Hi,
Here is a patch to speedup csum_partial_copy_generic() on i686 SMP
upto 50%, and also I added some analysis of further optimization from
the view point of SMP cache behavior.
[Patch Summary]
Attatched patch optimizes csum_partial_copy_generic().
Measurement using the WEB-BENCH, the consumption time at the function
is reduced by 33%, so 1.5 times faster than the original.
[Background of csum_partial_copy_generic]
In the funcion of i686 code, long-word transfer are unfolded 16
times, one loop copies exactly 64 bytes, except the beginning and the
final fraction processing.
From the observation of the csum_partial_copy_generic behavior, it
produces lots of cache misses, and this is the main reason of
slowness.
[How]
To accelerate the function, use dummy read as pre-fetch. Of course
pre-fetching must be done only within the accessible area. And the
top word of a cache block should be prefetched, because the CPU gets
the requested word first when the cache is miss-hit, the first word is
always needed earlier than the other word in the block.
To keep track to the block top word, a new pointer is added, which
always points the first word of the cache block which contains the
63th byte of a source block. This pointer never points outside of the
source region, so it is safe to read. This patch doesn't make sense
if the CPU is not a super-scalar type execution.
Strictly speaking, this prefetch may read just after source regionn at
most 3 byte.
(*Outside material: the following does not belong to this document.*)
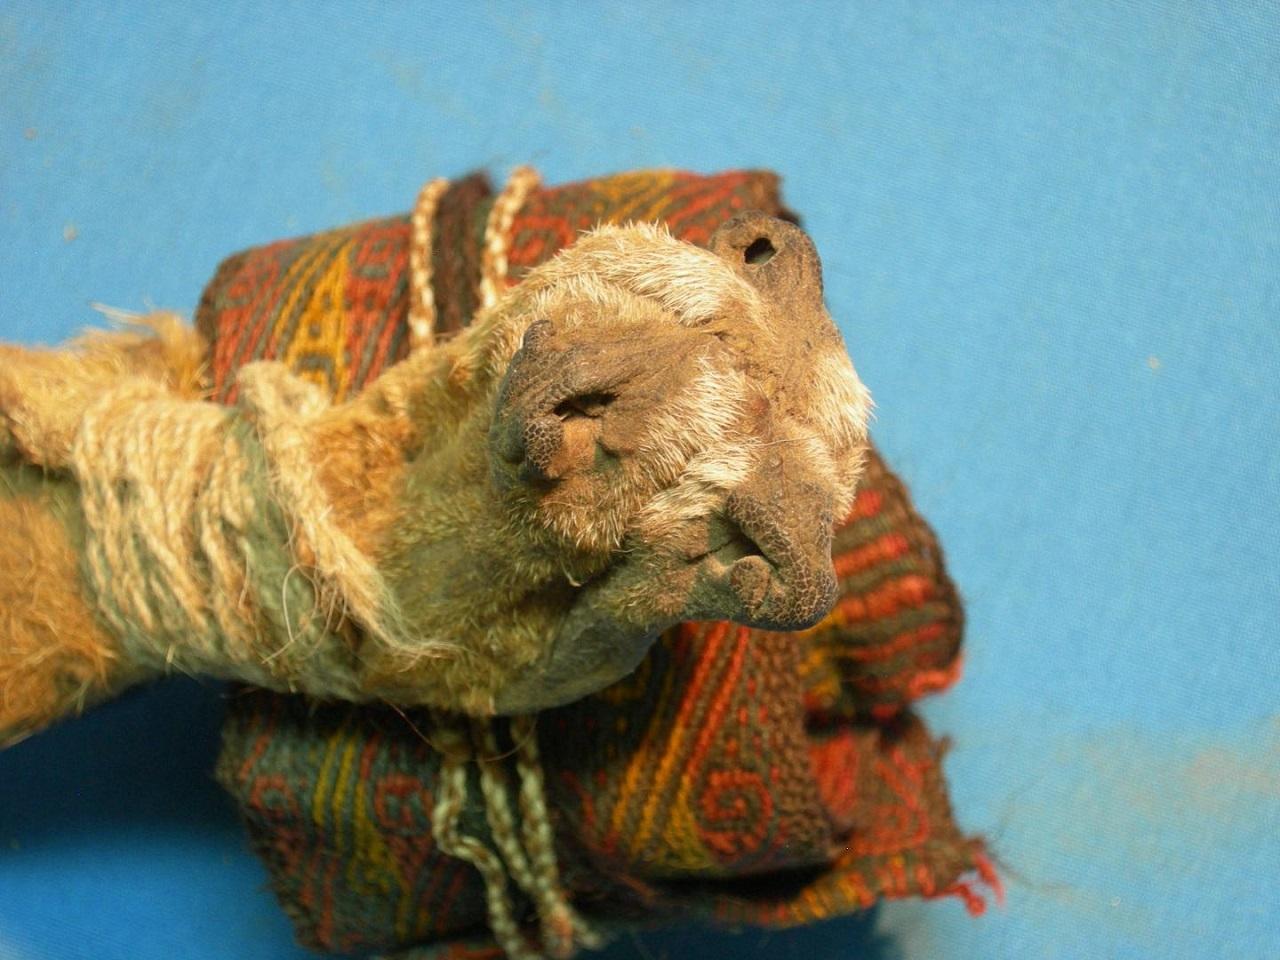 აღმოაჩინეს უძველესი შამანის ჩანთა, რომელშიც მრავალი ფსიქოტროპული საშუალება, მათ შორის კოკაინიც დევს

But it never causes trouble, because this excessive area
and the last transfered byte reside in a same cache block.
[Benchmarking Result]
We used Web-bench as a workload, and measure three versions of
csum_partial_copy_generic.
Version synopsis,
2.3.99-pre8-base: the original kernel. but SLAB_POISONING is disabled
to compare performance to older kernels. but the older data
is not attached.
2.3.99-pre8-AS: Add "Artur Skawina <skawina@geocities.com>" patch.
This pache is also attached at the end of mail.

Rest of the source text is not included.